[INSTRUCTIONS FOR THE TASK]:
Leaving the pictures aside, restate all of the data exactly.

[RAW DATA]:
******

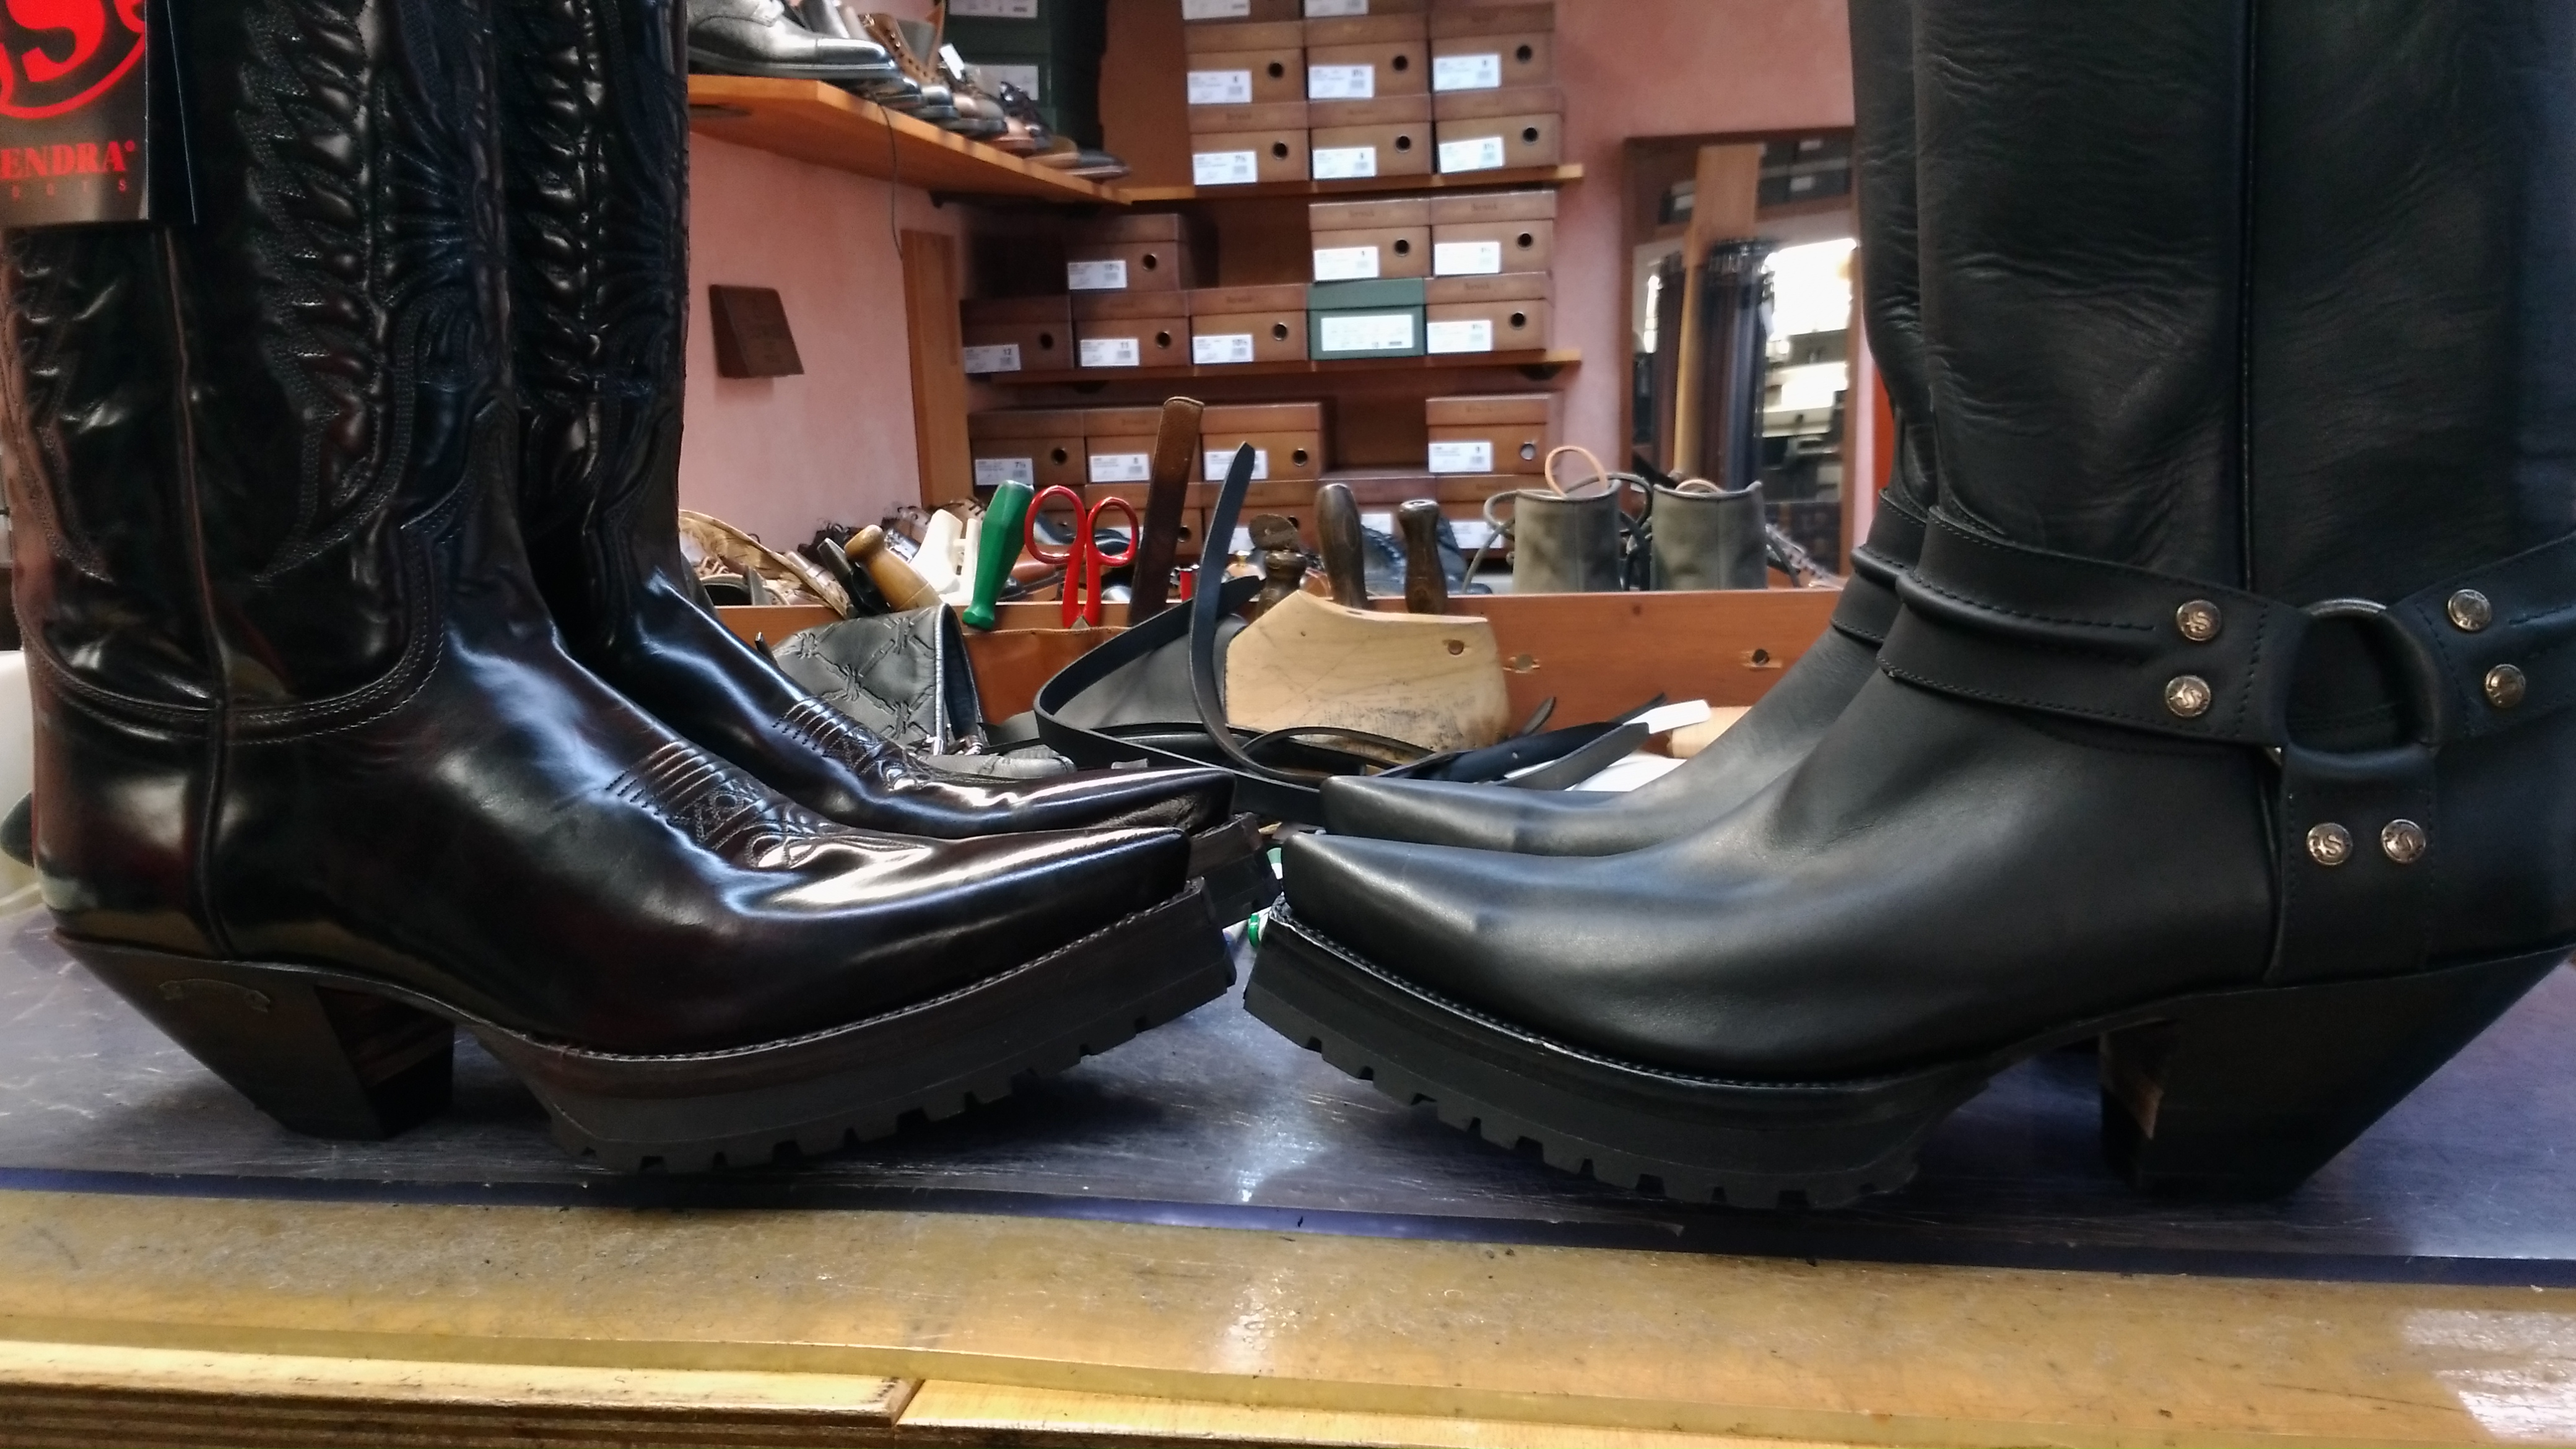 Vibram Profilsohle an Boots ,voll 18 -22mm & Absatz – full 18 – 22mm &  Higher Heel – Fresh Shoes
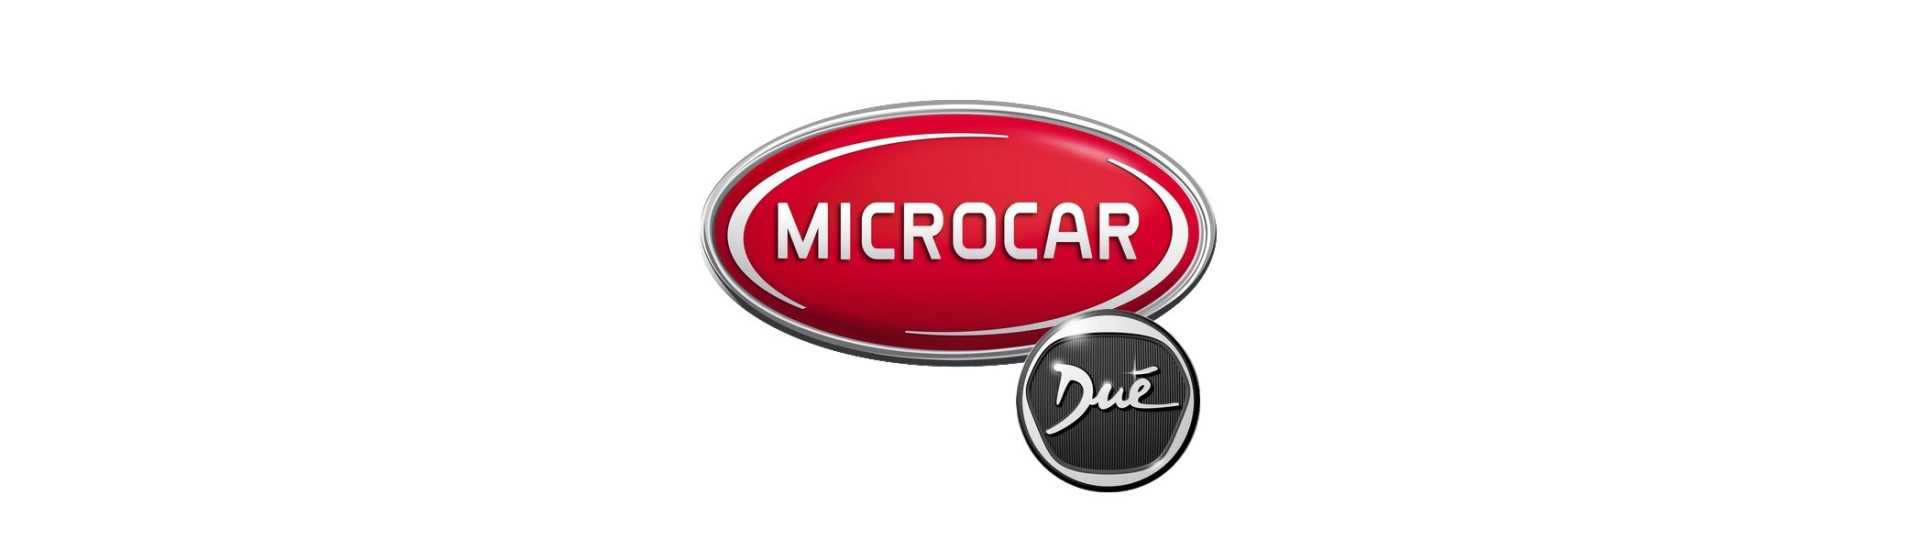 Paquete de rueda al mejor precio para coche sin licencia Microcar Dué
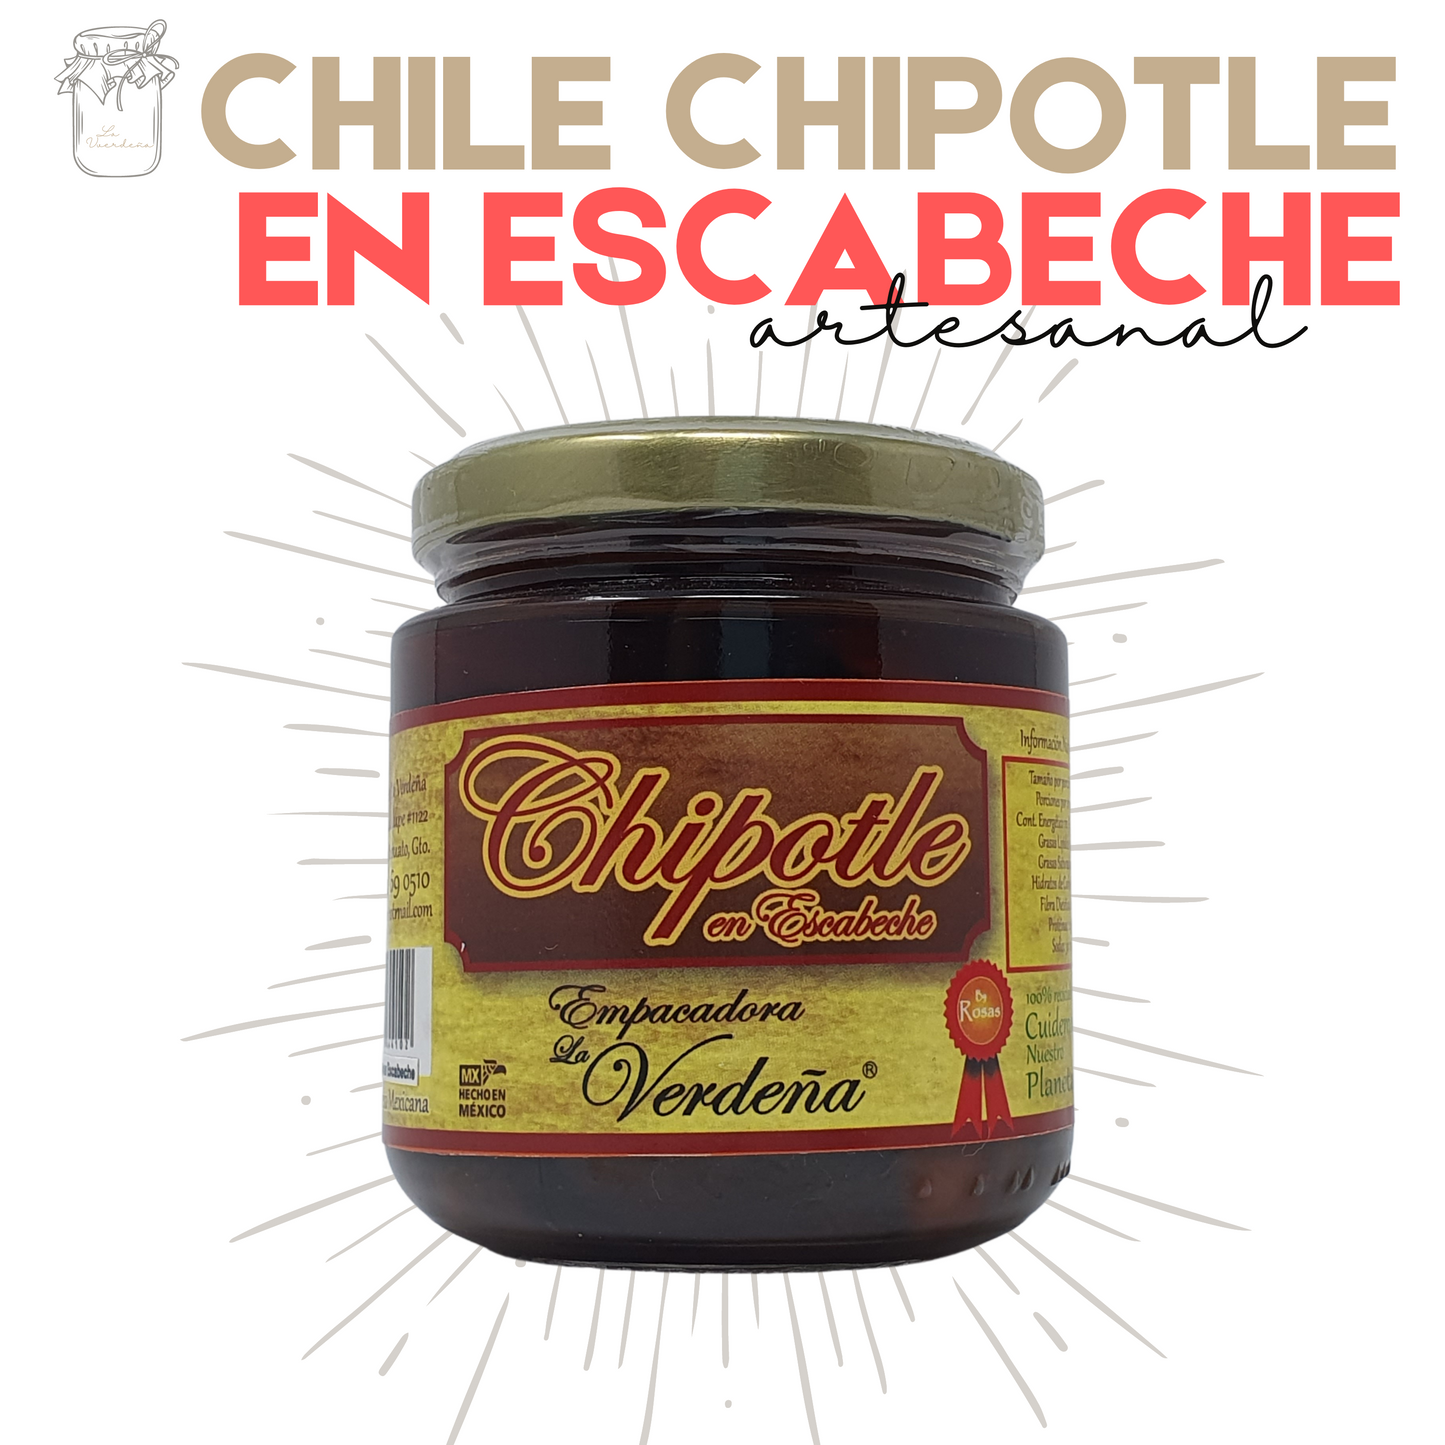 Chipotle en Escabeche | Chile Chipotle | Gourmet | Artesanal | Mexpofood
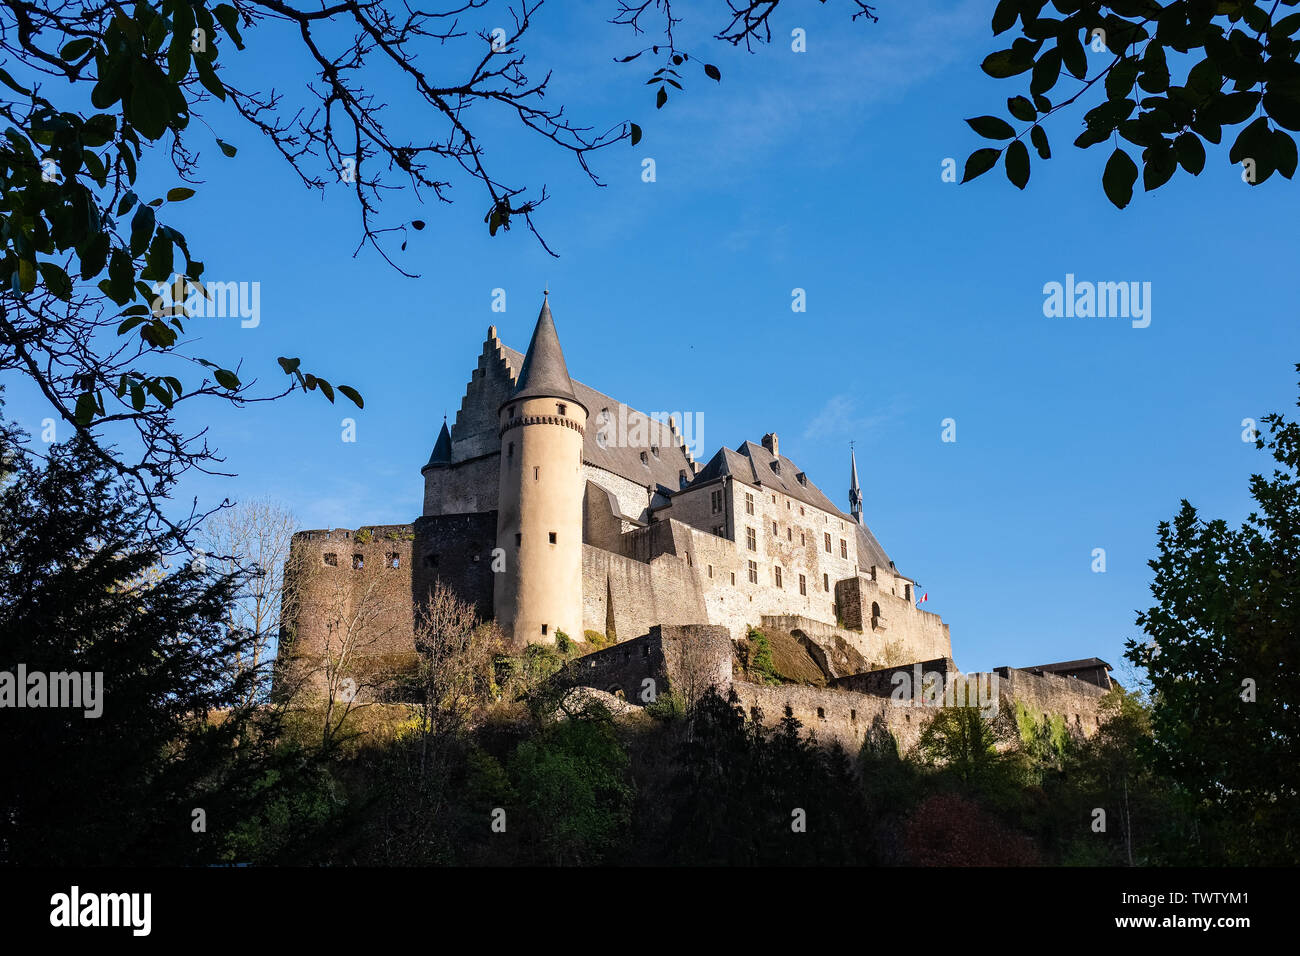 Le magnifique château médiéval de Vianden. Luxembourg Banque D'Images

******

[REPLY TO THE EXERCISE]:
 Vibram Profilsohle an Boots ,voll 18 -22mm & Absatz – full 18 – 22mm &  Higher Heel – Fresh Shoes
 Paquete de rueda al mejor precio para coche sin licencia Microcar Dué
 Chipotle en Escabeche | Chile Chipotle | Gourmet | Artesanal | Mexpofood
 Le magnifique château médiéval de Vianden. Luxembourg Banque D'Images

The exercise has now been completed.